## Your goal
Your copy of the data should match it exactly, except that the pictures are gone.

## Given information

"""

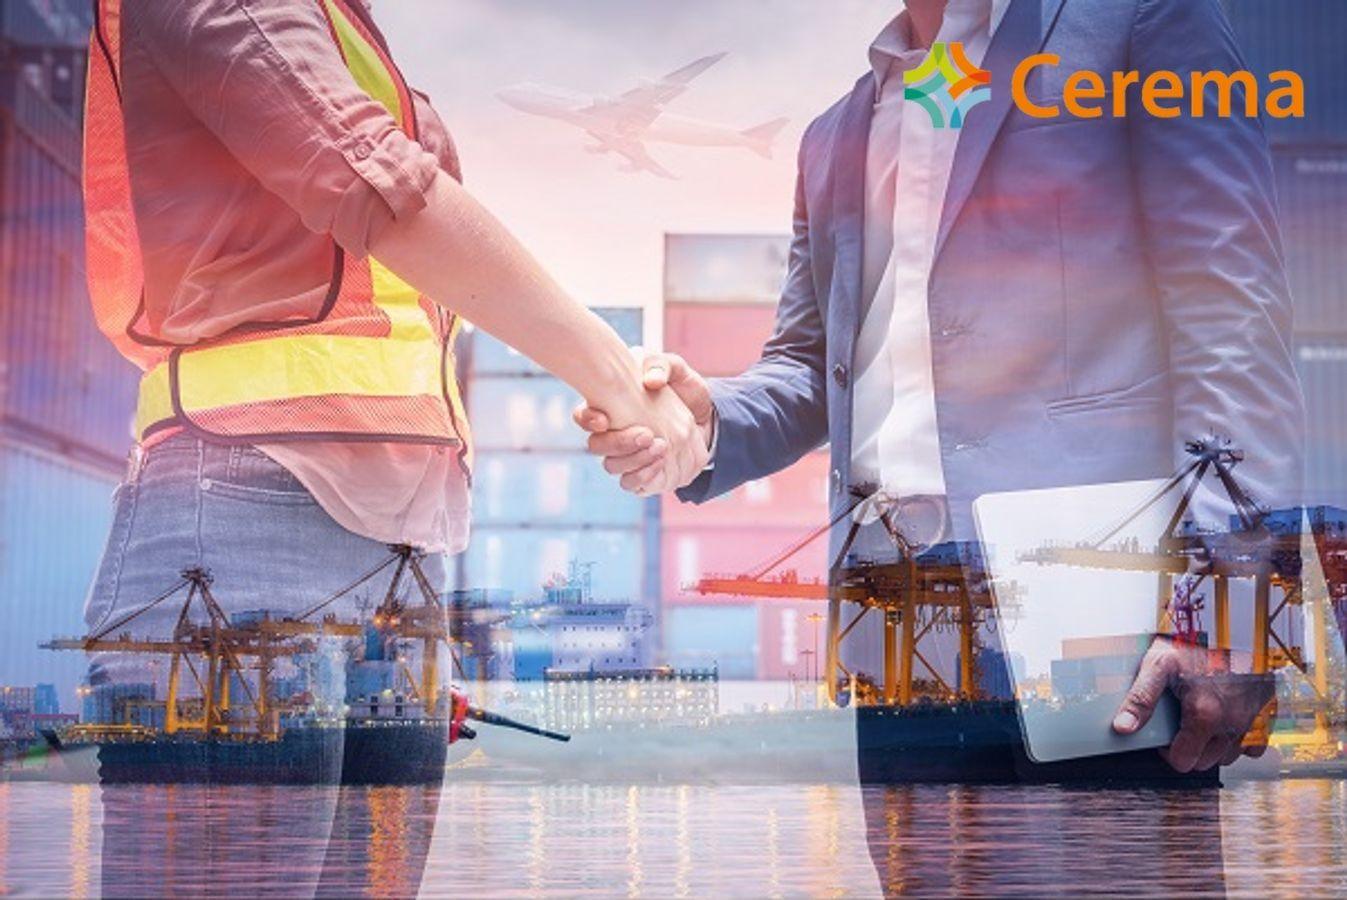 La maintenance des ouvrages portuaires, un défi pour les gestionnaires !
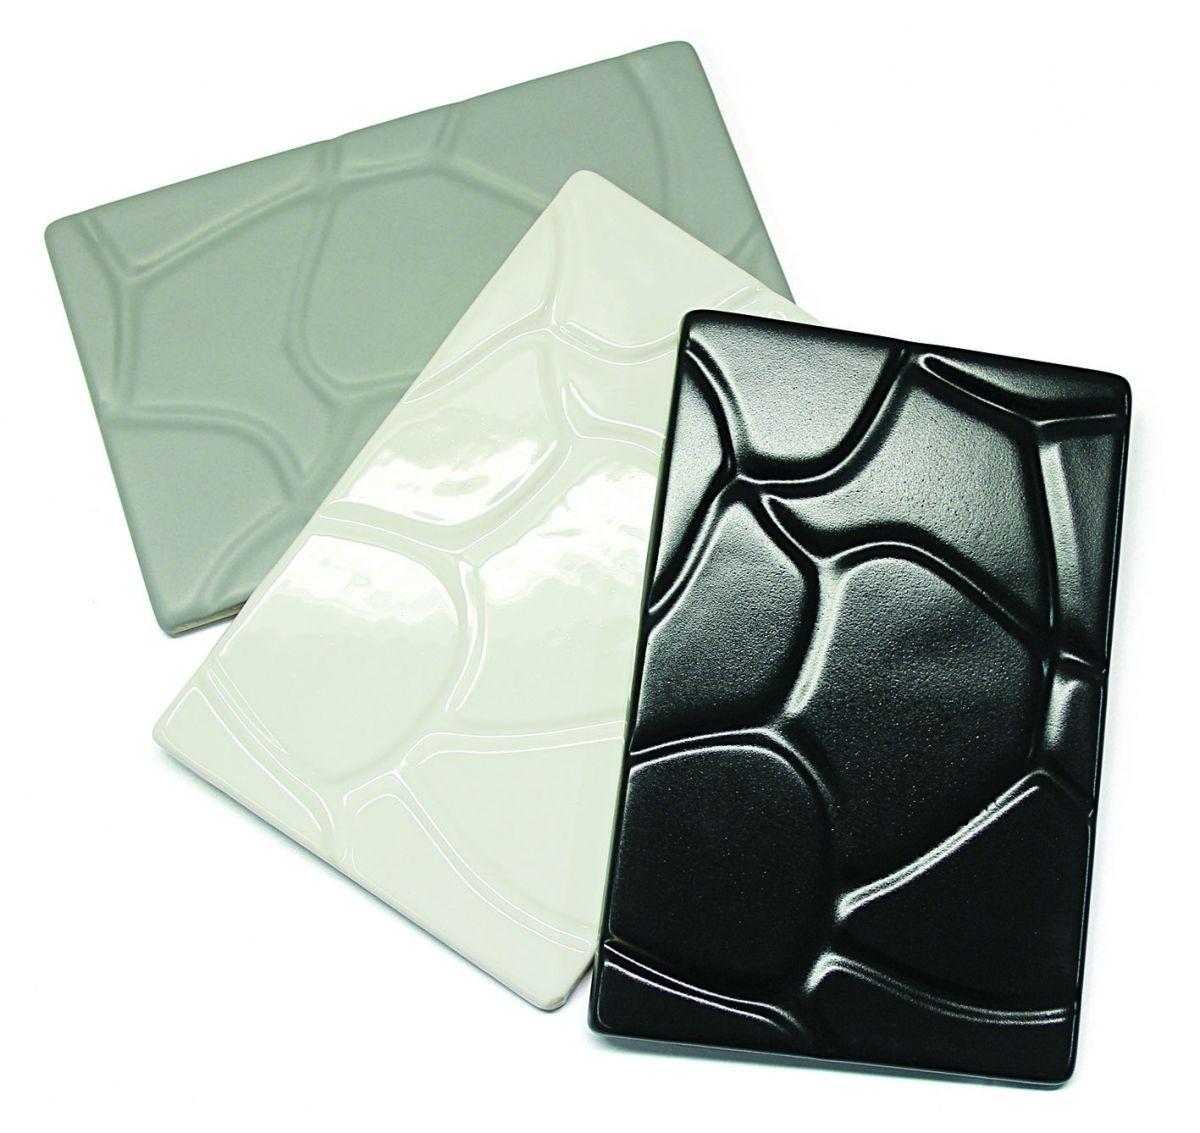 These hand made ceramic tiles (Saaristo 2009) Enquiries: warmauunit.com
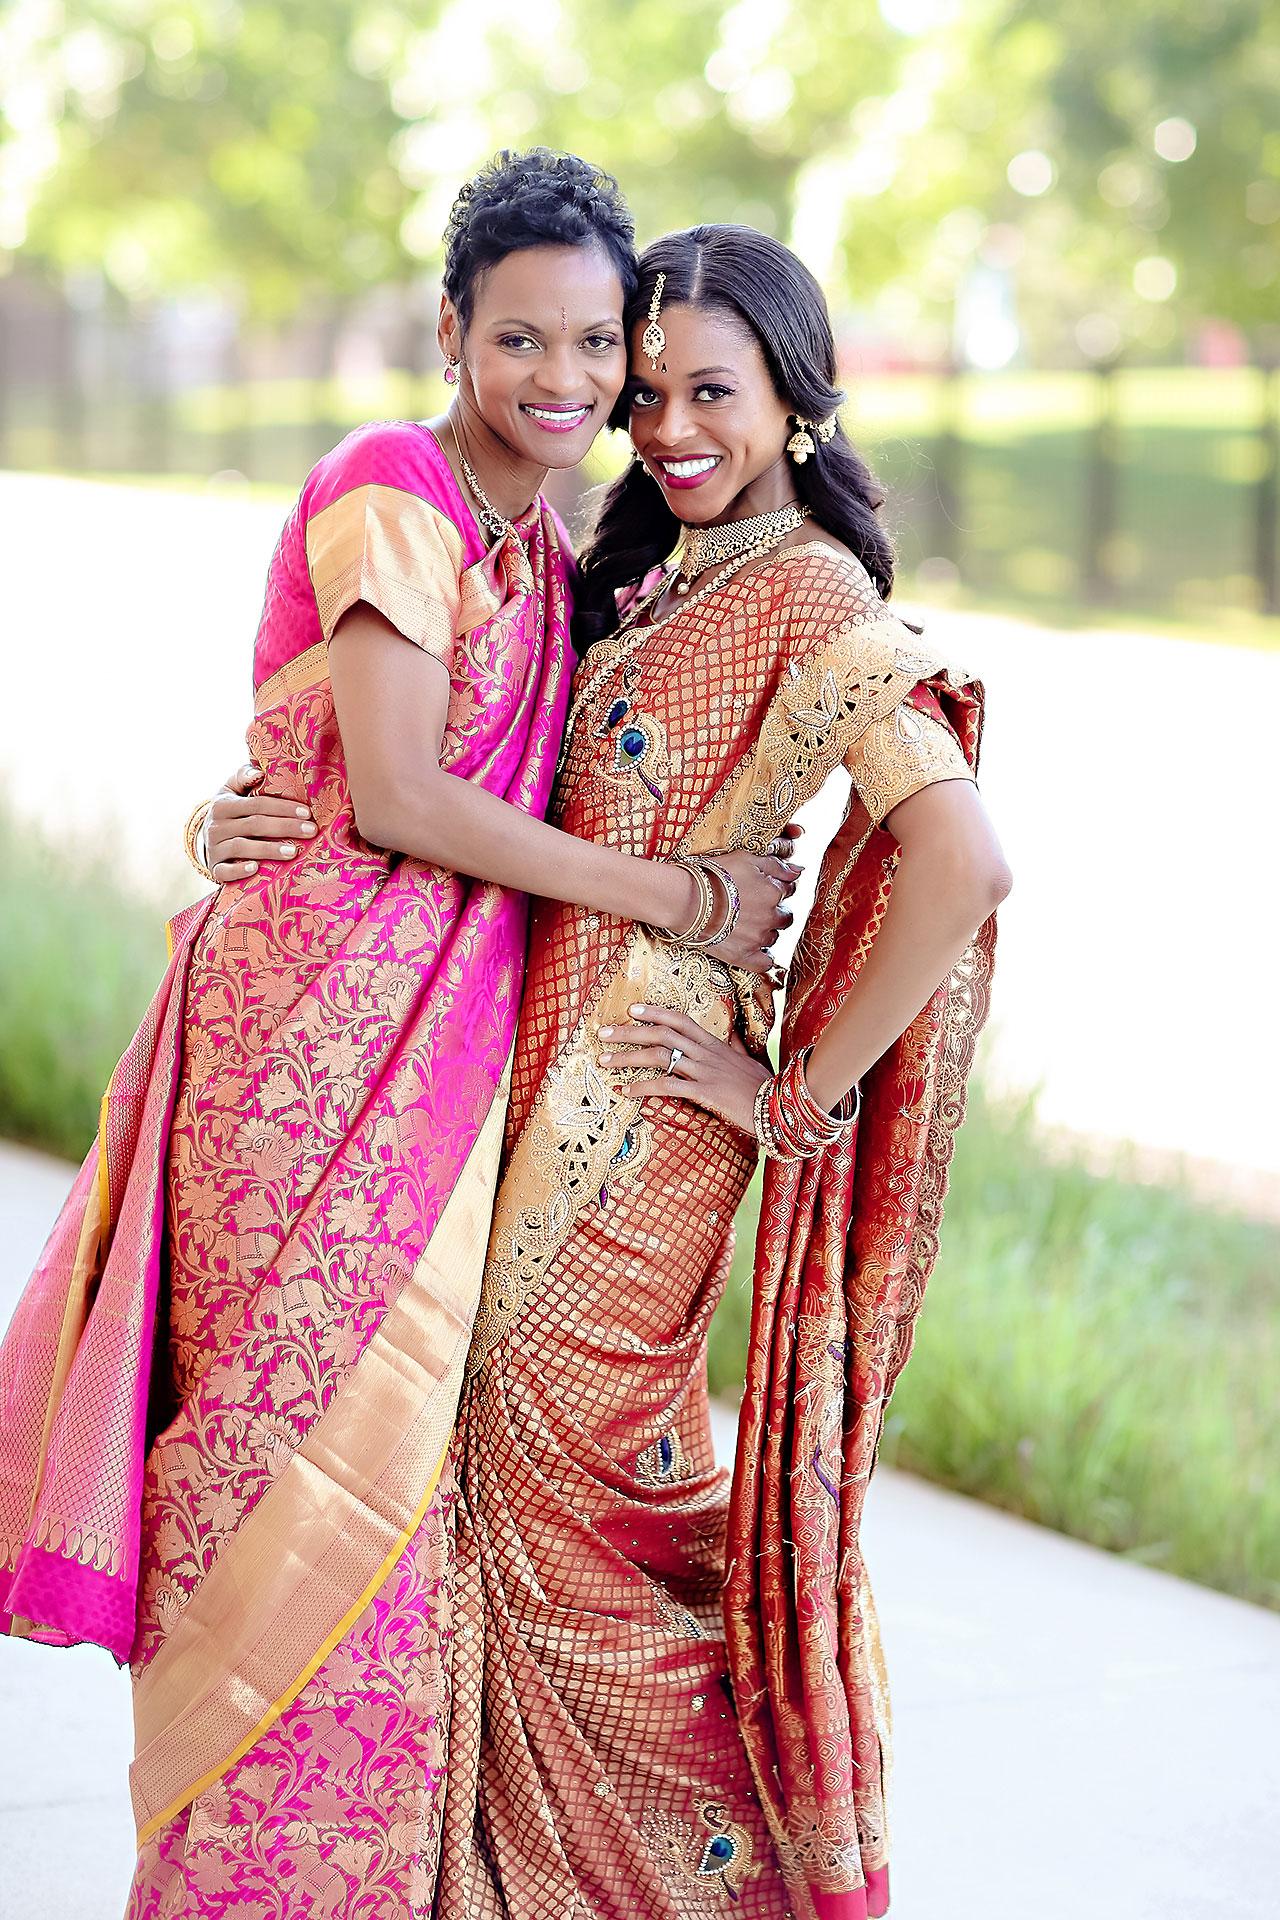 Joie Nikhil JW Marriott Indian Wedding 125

"""

## Solution to the exercise
 La maintenance des ouvrages portuaires, un défi pour les gestionnaires !
 These hand made ceramic tiles (Saaristo 2009) Enquiries: warmauunit.com
 Joie Nikhil JW Marriott Indian Wedding 125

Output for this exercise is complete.